A discussion of a WPP should acknowledge that there are several international party networks in addition to the Socialist International—for instance, the Liberal International, the Centrist Democrat International, the Global Greens, and the Pirate Parties International. As an alternative to the Socialist International, the Progressive Alliance was formed in 2013. These umbrella organizations of national and regional parties and party networks in my view are all embryos of world political parties. Some of them do have standing policies on global institutional reform. For instance, meetings of the Socialist International, the Liberal International, the Global Greens, and the Pirate Parties International have endorsed the establishment of a United Nations Parliamentary Assembly (UNPA).
In our book, Jo Leinen and I provide a detailed overview of how this idea of a democratically elected world body developed from the French Revolution to the present day. It certainly is no accident that existing party networks are in favor of a UNPA. As in the European Parliament, members of the UNPA would not be organized by national origin but in transnational groups organized around common political orientations. We need to insist on this point. So in all probability there would be a conservative, a socialist, liberal, green, left, and other groups. International party associations certainly would cooperate with their equivalent group in the UNPA. To date, their political influence is very small. But this would change through cooperation with affiliated political groups in a global parliamentary body. Eventually, as the parliamentary body develops over time, they may transform into actual global political parties that contest global elections.
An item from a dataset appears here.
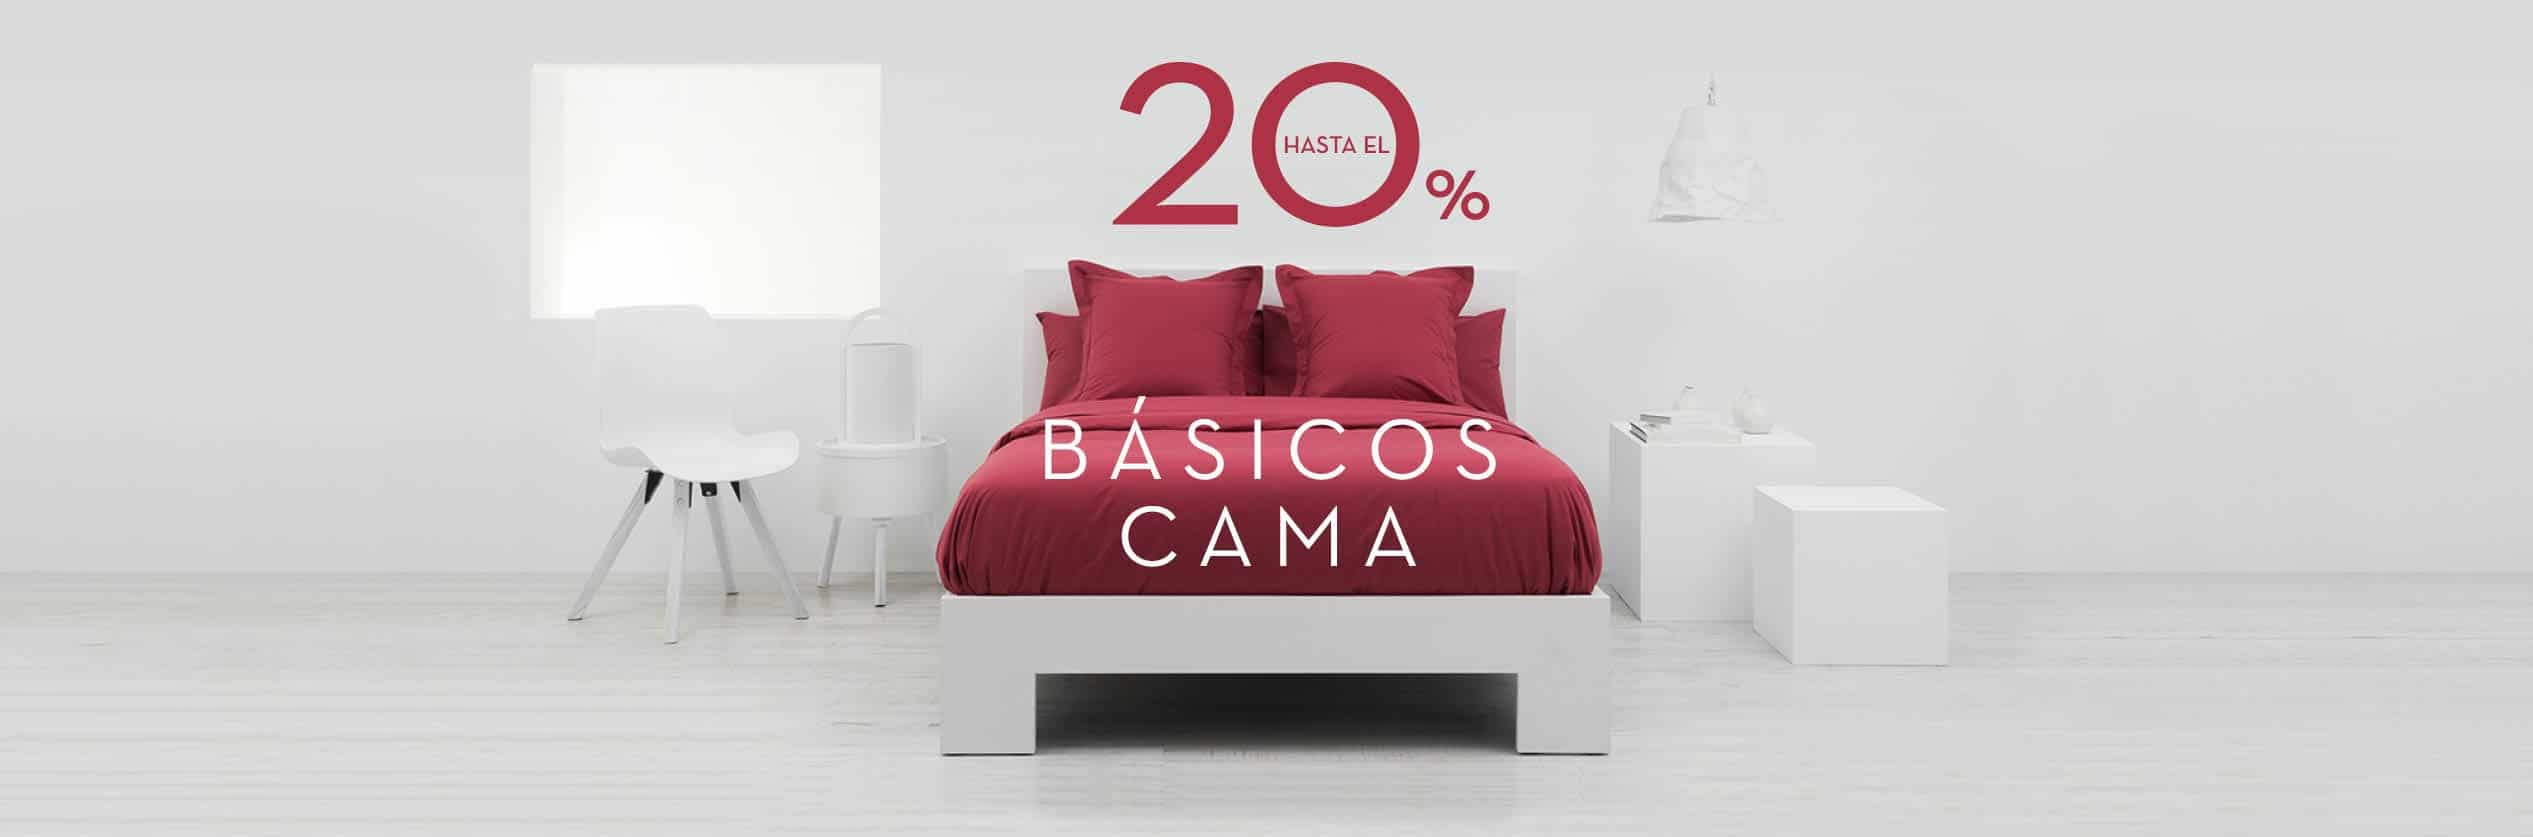 PROMOCIÓN BASICOS CAMA HASTA 20% DTO
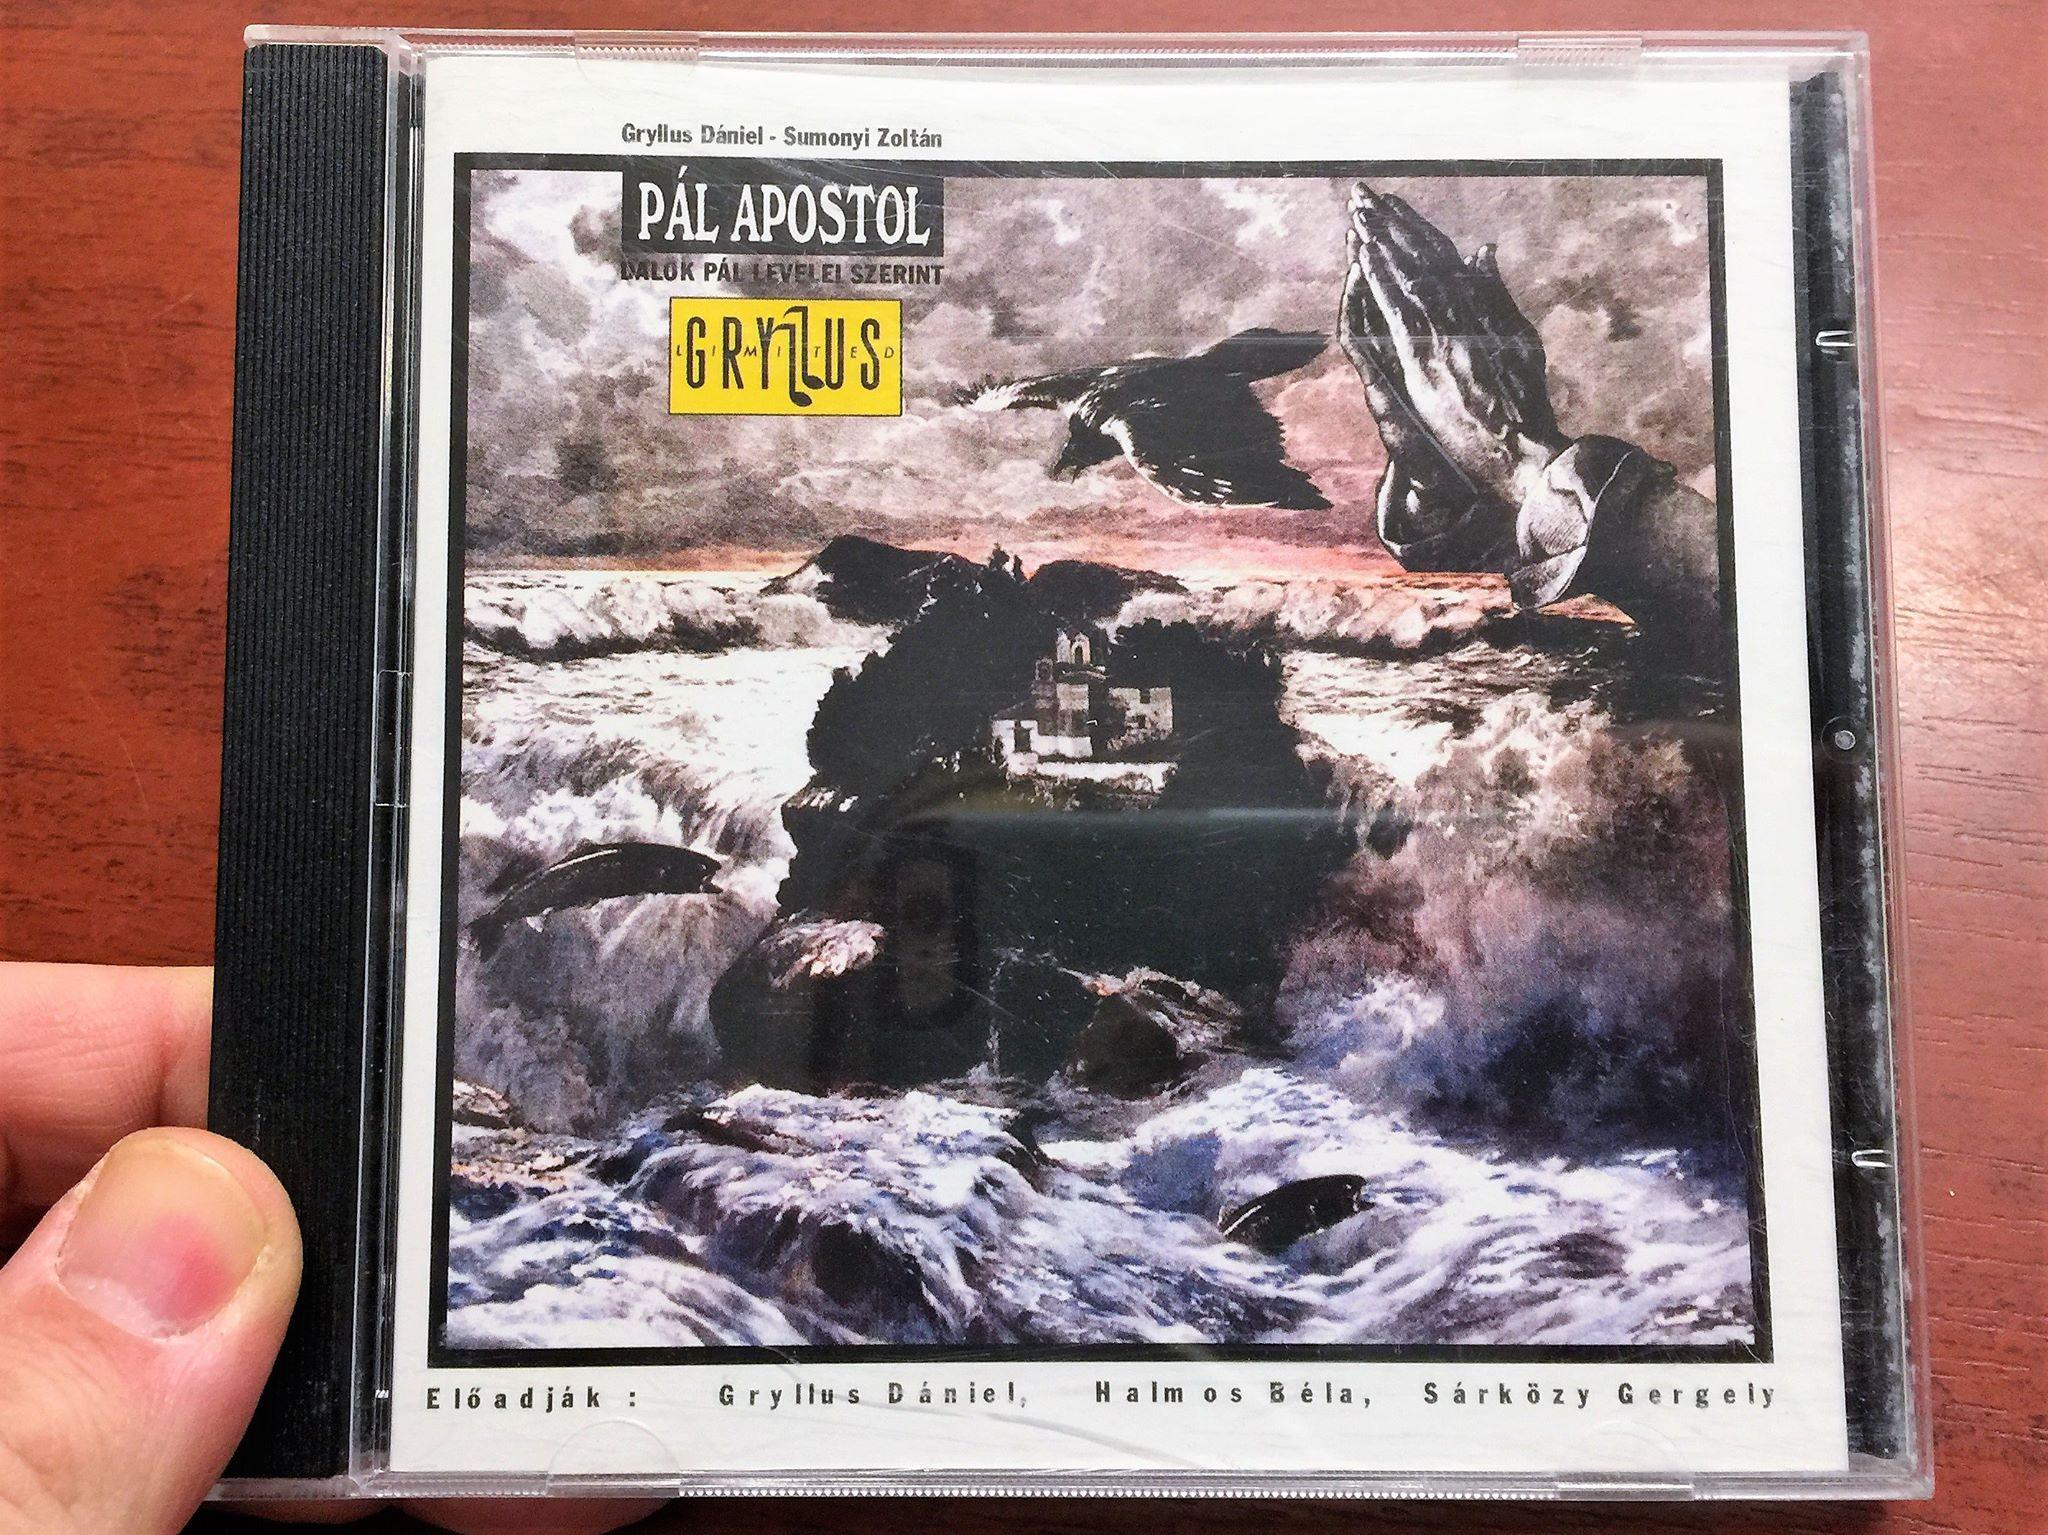 p-l-apostol-paul-the-apostle-gryllus-d-niel-music-sumonyi-zolt-n-text-hungarian-cd-1999-gcd013-1-.jpg

Finally, I would like to offer a reflection on another question that was brought up, namely whether a party presupposes the existence of a parliament. Following the definition above, the goal of a political party is to gain political power. In a democratic system, in my view this does indeed imply the existence of a parliament and elections. If such do not exist, a party devoted to democracy should be expected to fight for them. Here is where we are coming across a true revolutionary potential. As far as a WPP is concerned, it will operate at different levels. In most nation-states it will already be able to participate in the political process and in more or less free and fair elections. At the global level, this is not the case. Here it will be difficult to maintain political focus and achieve meaningful impact. In this regard, it would be interesting to study in how far centrists, socialists, liberals, and others who hold power in nation-states coordinate their action in intergovernmental bodies such as the UN along party lines. My thesis is that they hardly do. At the end, national and geopolitical considerations win the day. Why would this be different with a WPP?
All in all, I believe a WPP only makes sense if it pursues as a key goal the establishment of a democratic global parliament so it can gain influence by winning global elections once this goal was achieved, something that Patomäki did not spell out. Otherwise, it will only be another international network based on a Westphalian mindset and not a global political party in the strict sense. It’s not a project for those who resist the idea of democratic global government in whatever shape or form (although it is possible to argue that an undemocratic transnational state apparatus based on a transnational capitalist class already exists).